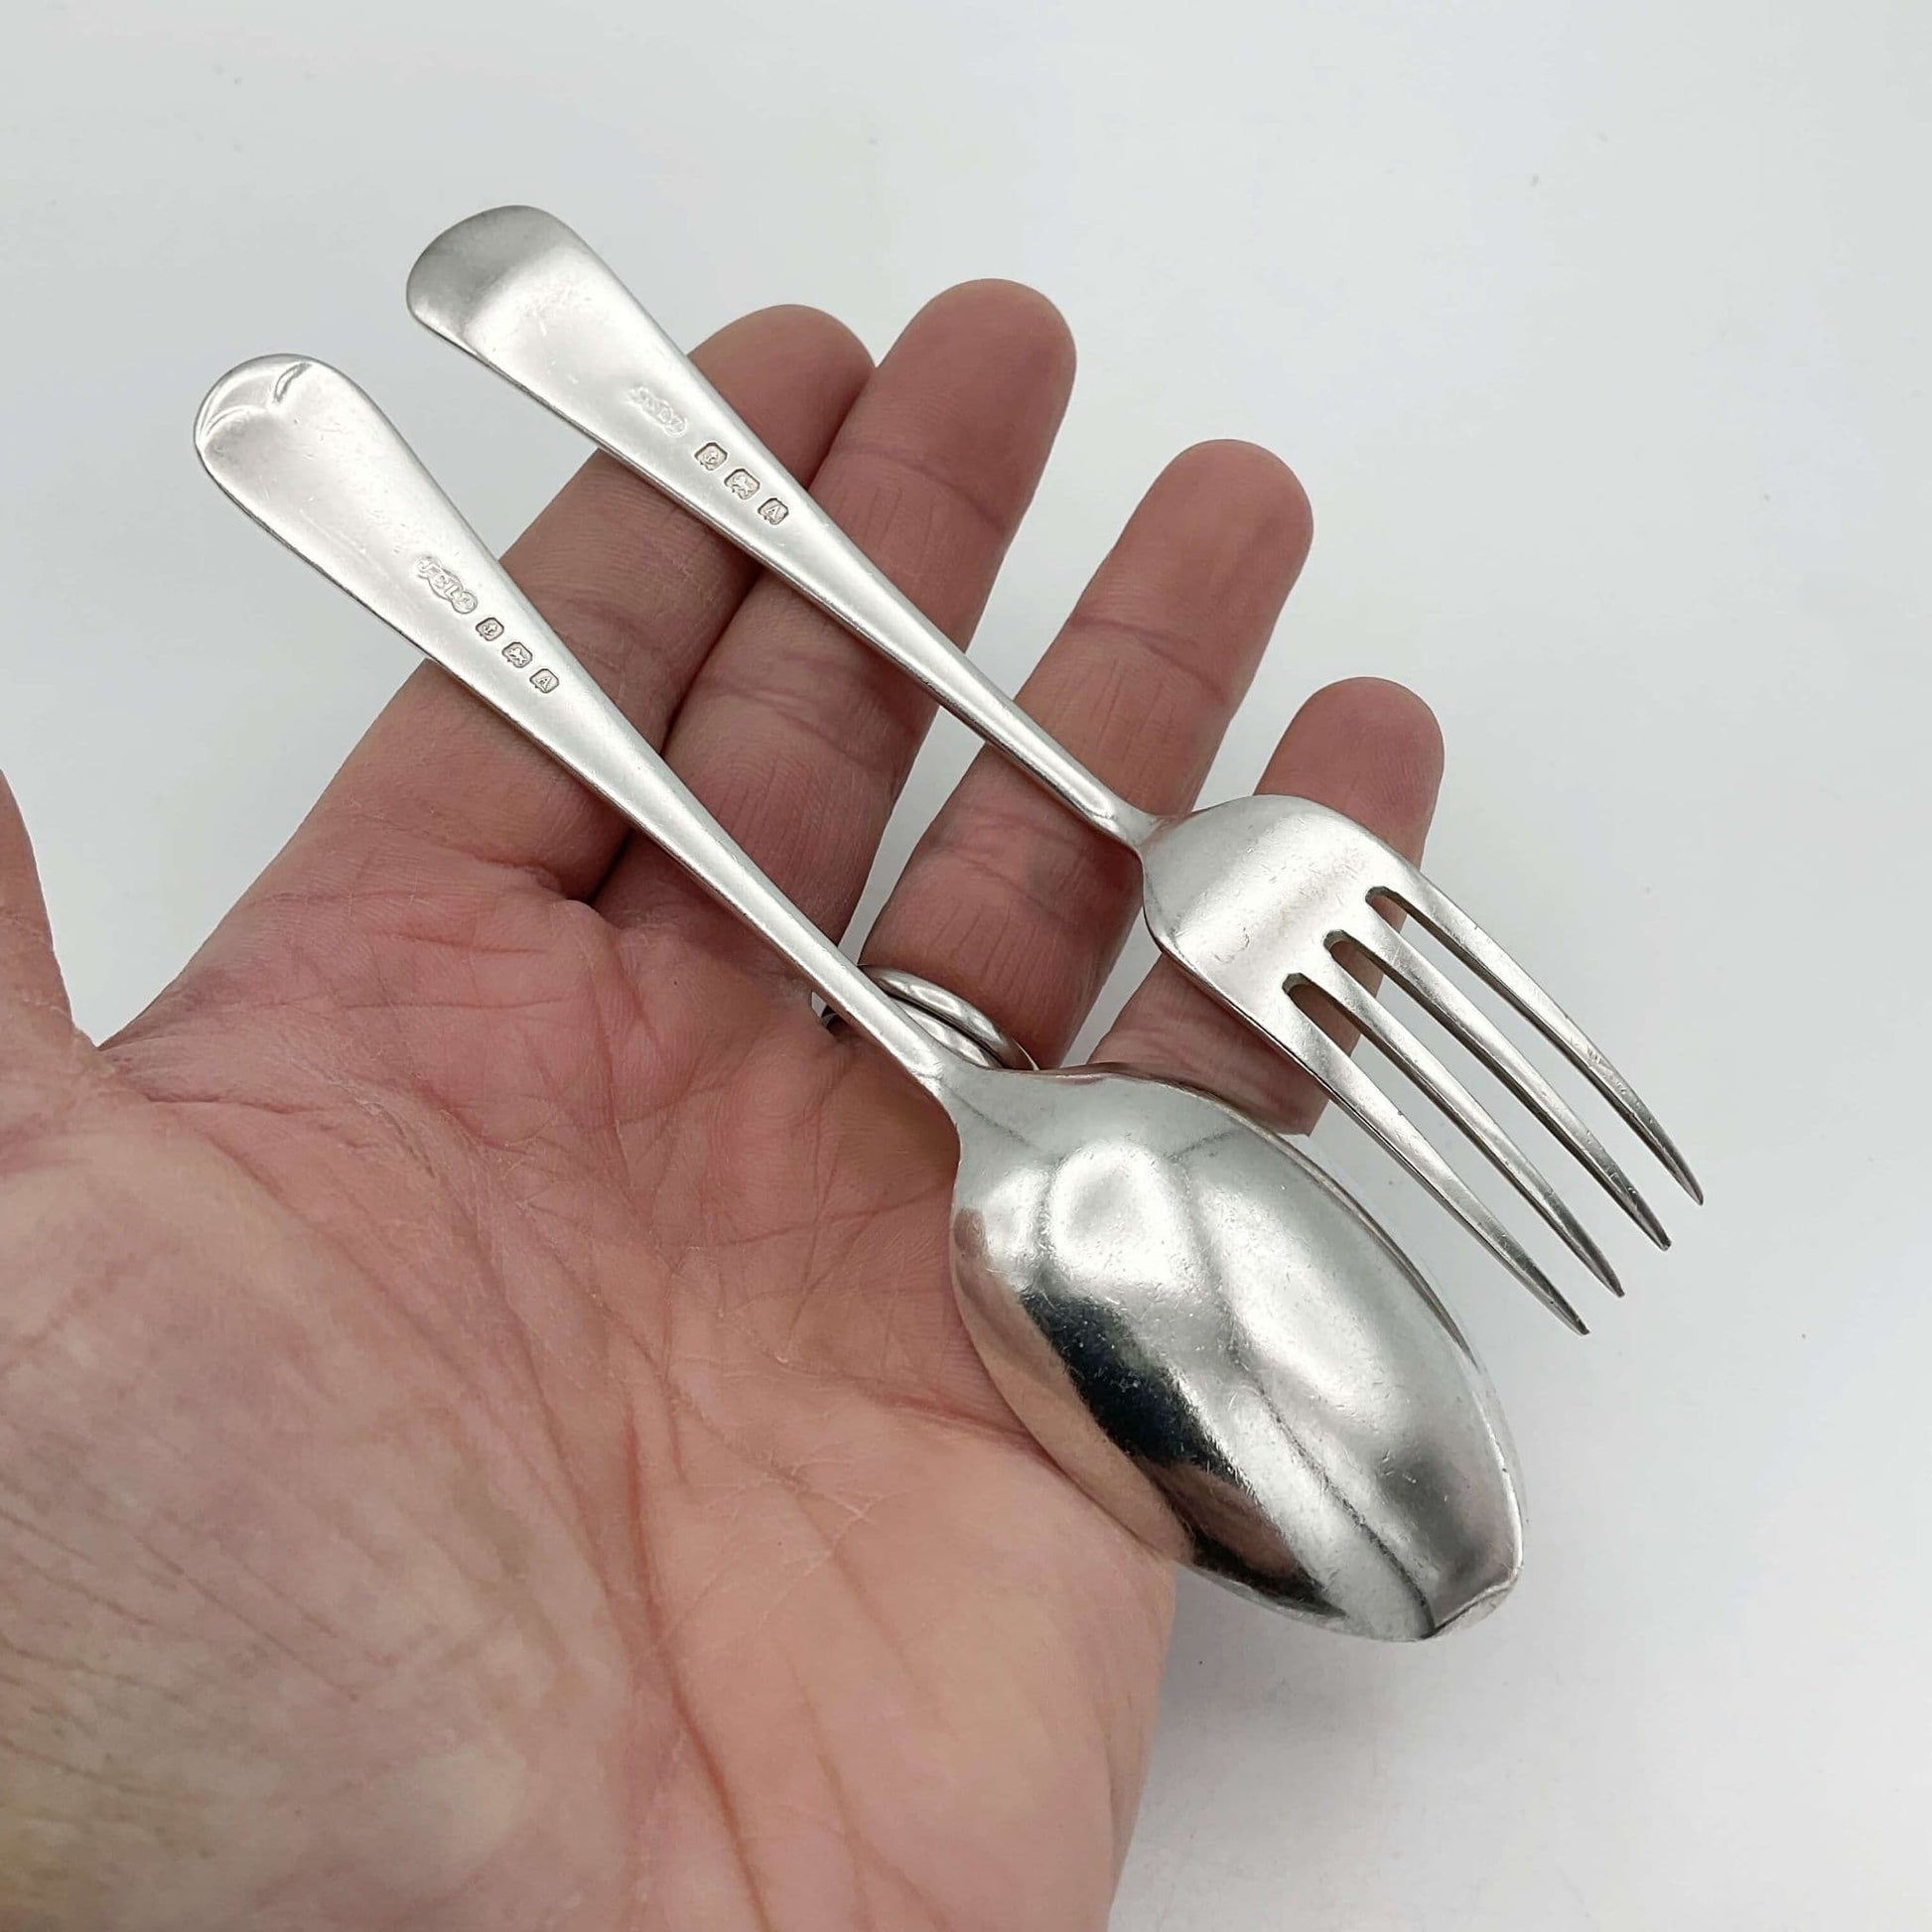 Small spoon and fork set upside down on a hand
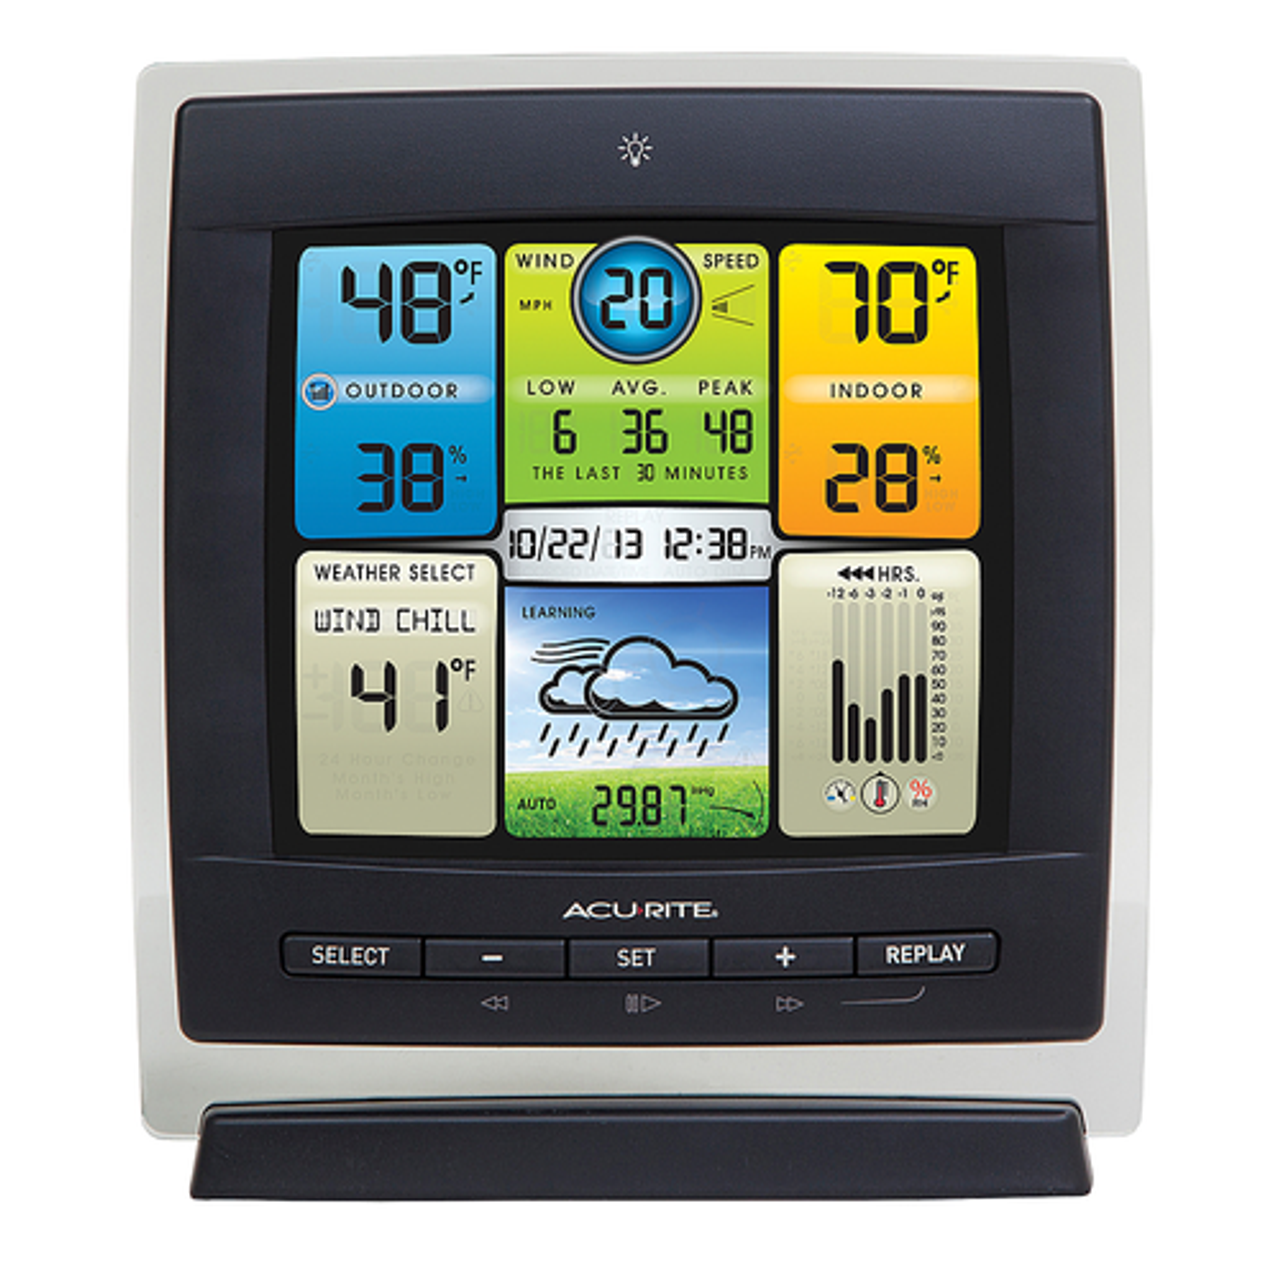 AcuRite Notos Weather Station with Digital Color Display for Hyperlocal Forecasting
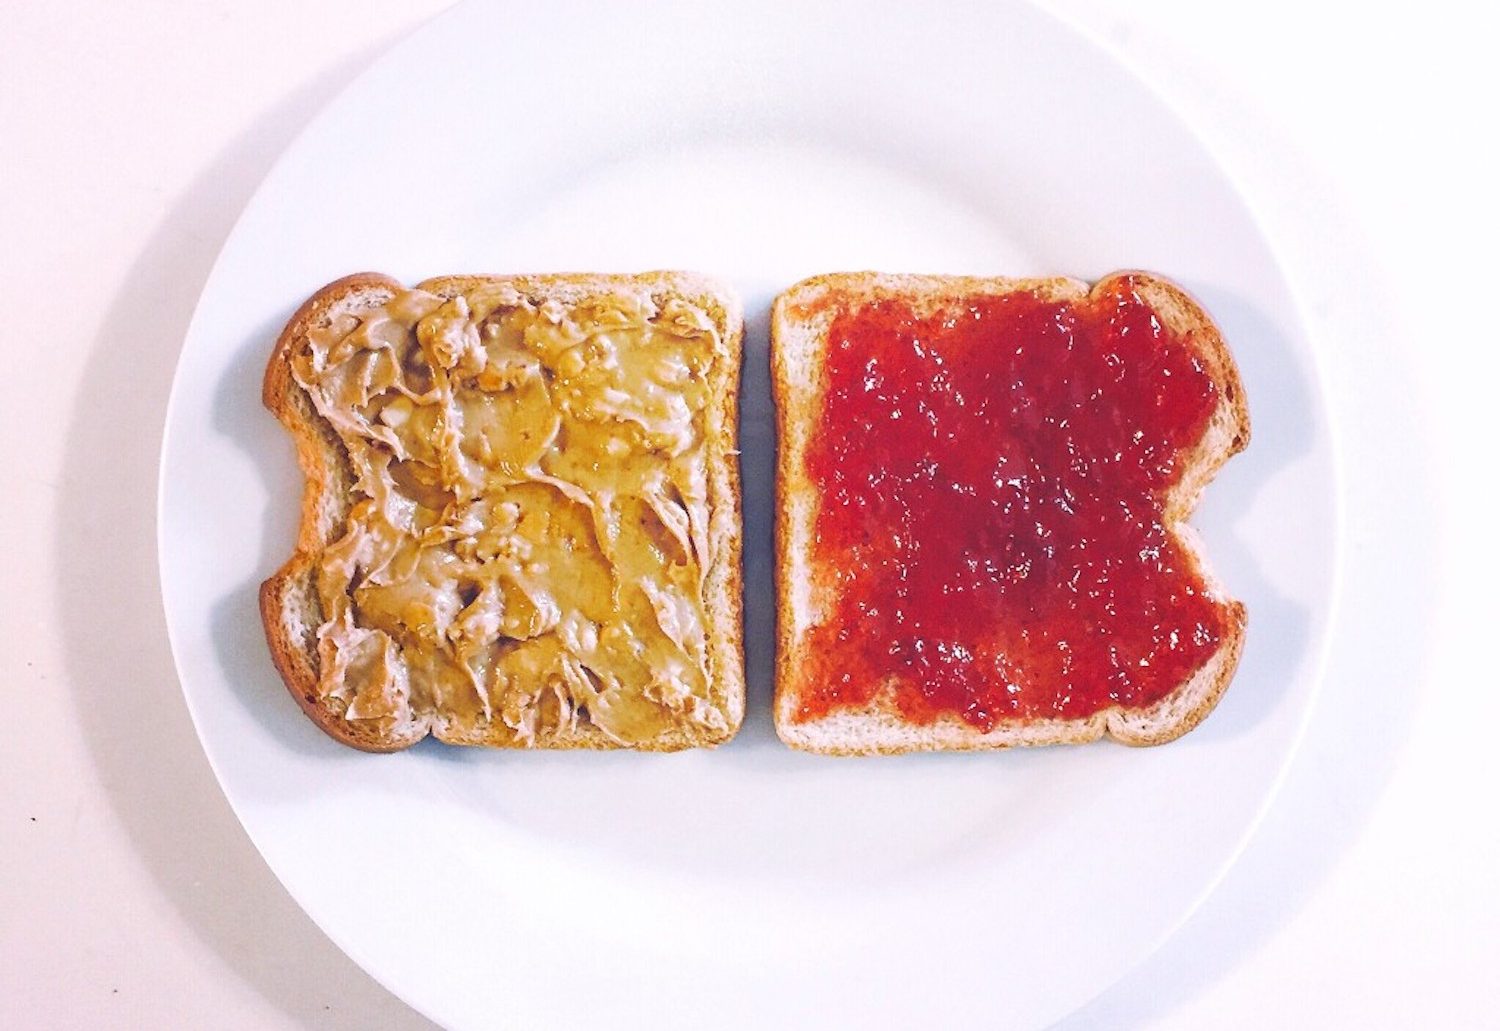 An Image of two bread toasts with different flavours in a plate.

++++

Exercise objective:
All of the data is to be returned exactly, with no pictures included.

Finished exercise:
 Small spoon and fork set upside down on a hand
 AcuRite Notos Weather Station with Digital Color Display for Hyperlocal Forecasting
 An Image of two bread toasts with different flavours in a plate.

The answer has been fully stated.